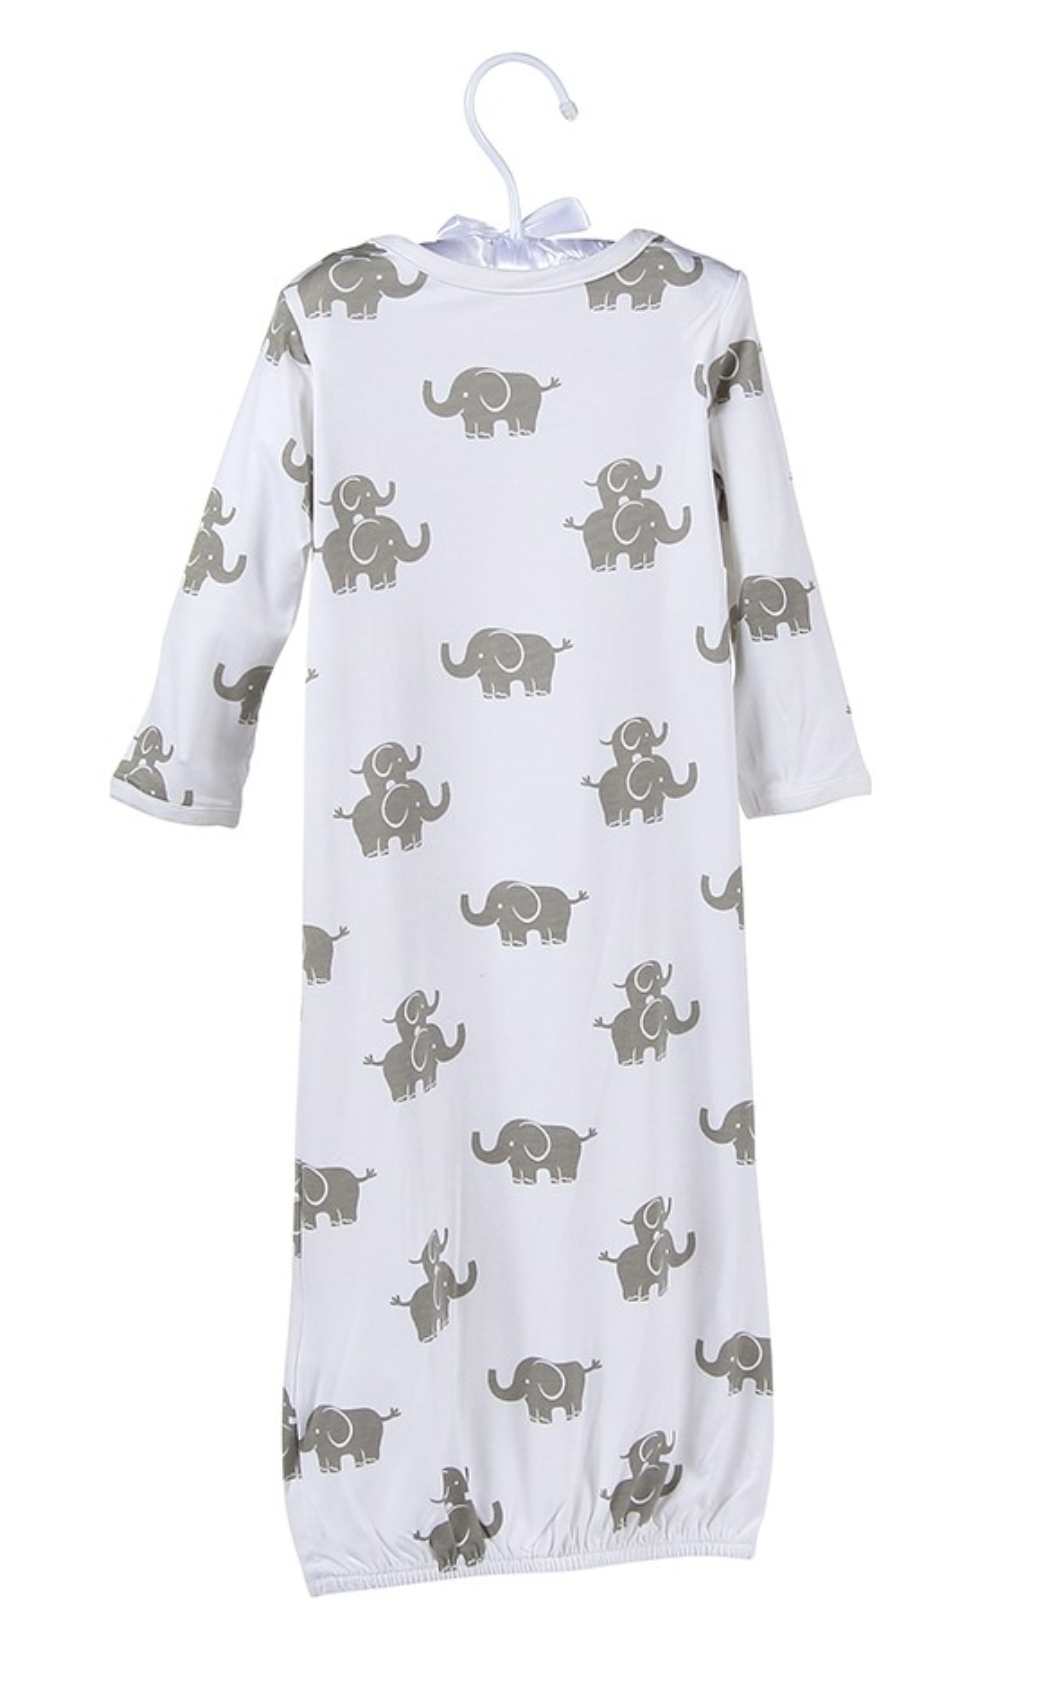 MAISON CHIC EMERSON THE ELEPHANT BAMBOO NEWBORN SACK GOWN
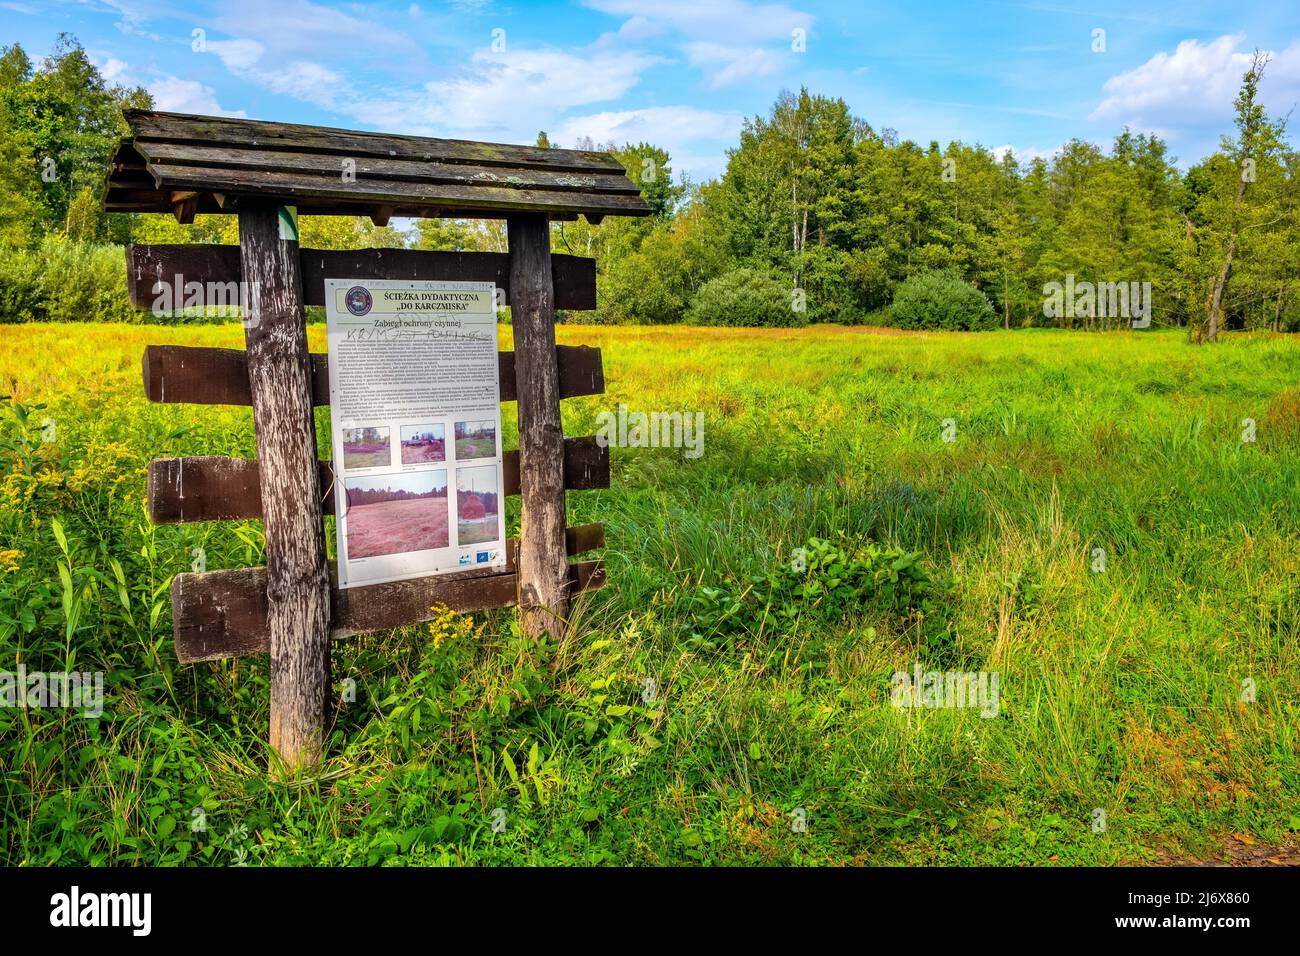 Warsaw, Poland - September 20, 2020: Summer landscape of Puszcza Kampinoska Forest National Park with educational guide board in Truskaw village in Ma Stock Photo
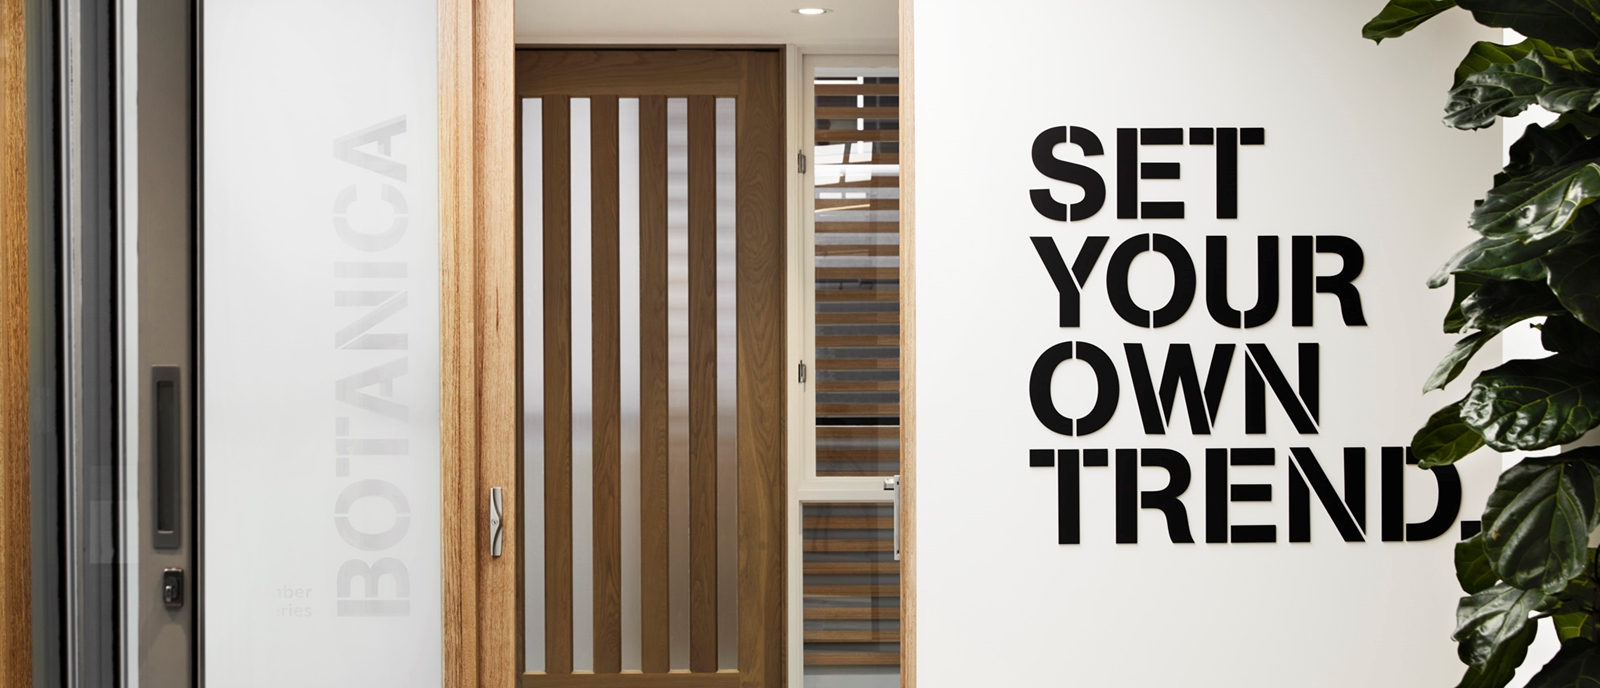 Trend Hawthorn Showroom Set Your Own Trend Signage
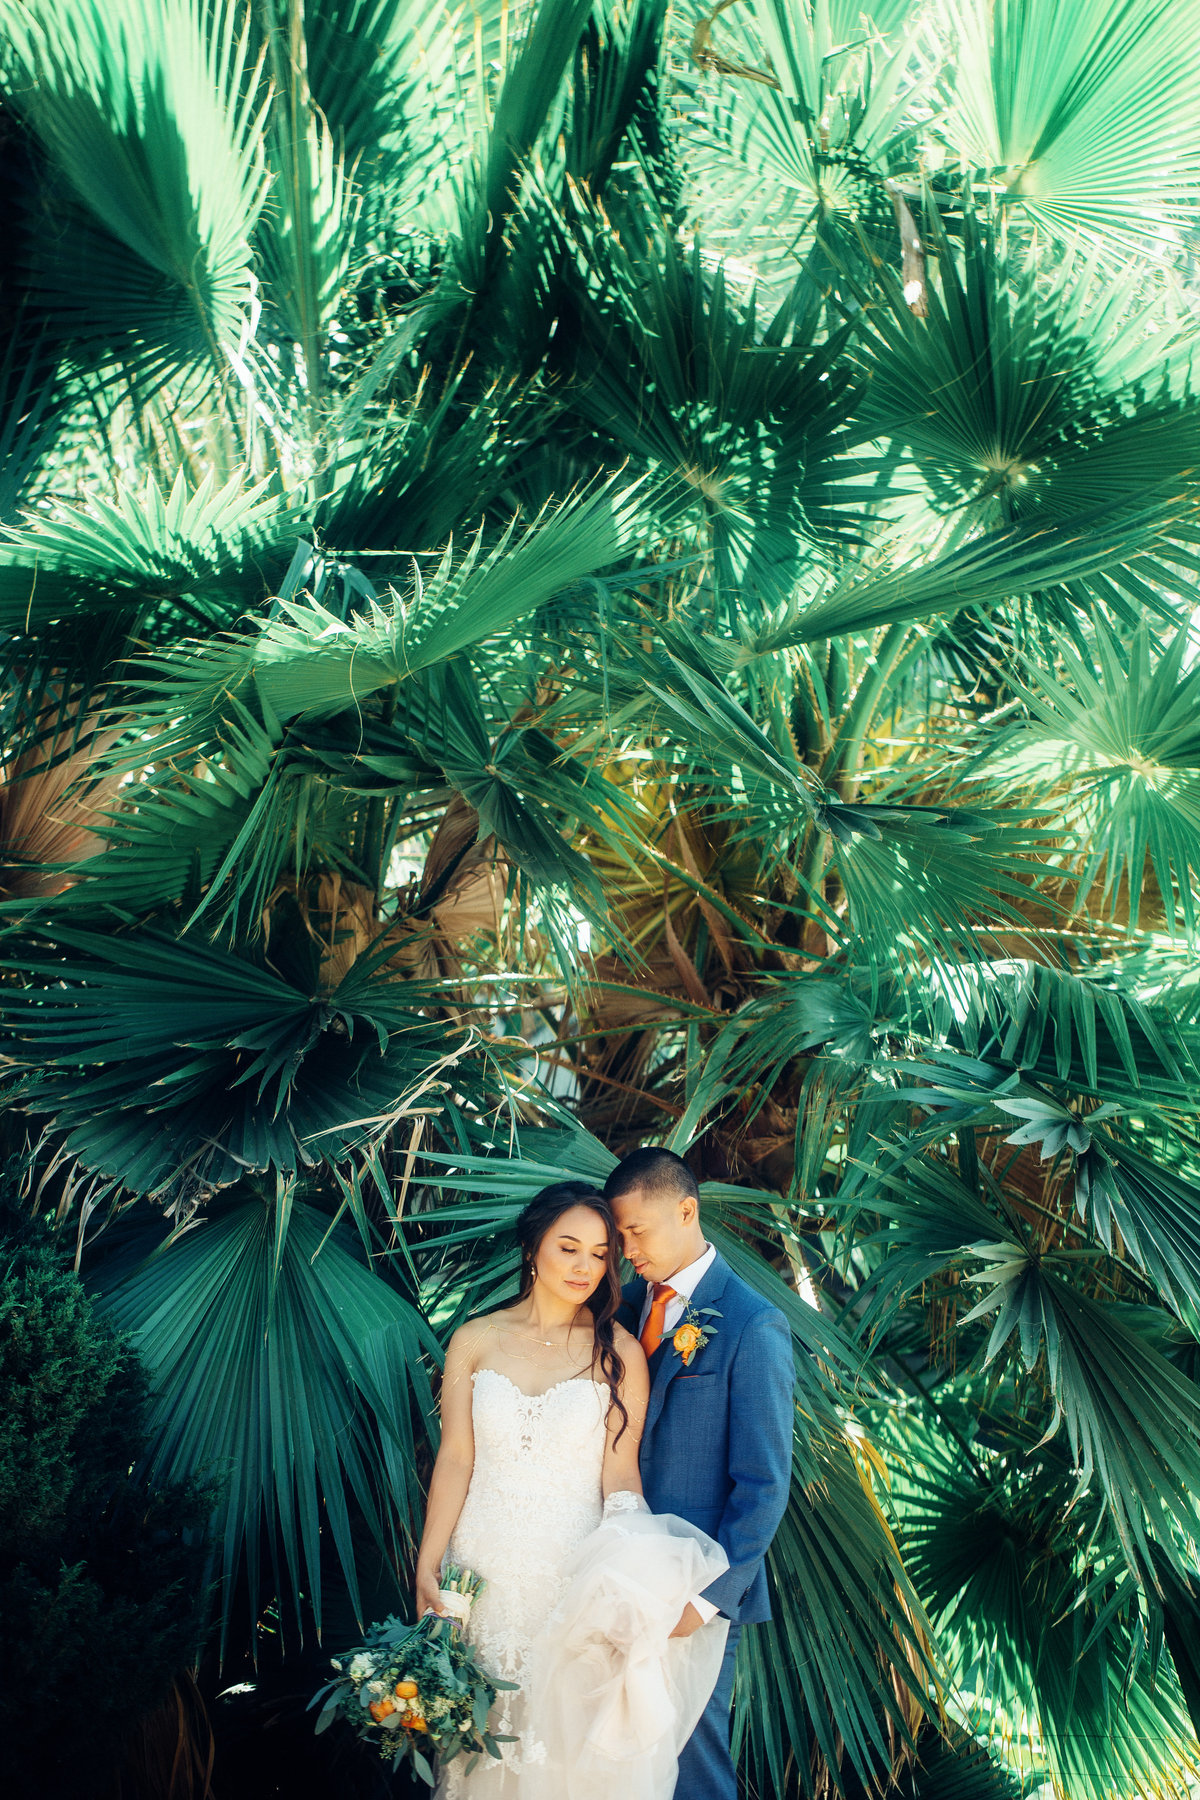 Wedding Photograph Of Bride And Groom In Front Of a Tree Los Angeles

■ TASK DETAILS
Write out, please, the lines of the listing above from the one with "Trend Hawthorn Showroom" through the very last, exactly as given and with no pictures.

■ RESULT BELOW
 Trend Hawthorn Showroom Set Your Own Trend Signage
 Wedding Photograph Of Bride And Groom In Front Of a Tree Los Angeles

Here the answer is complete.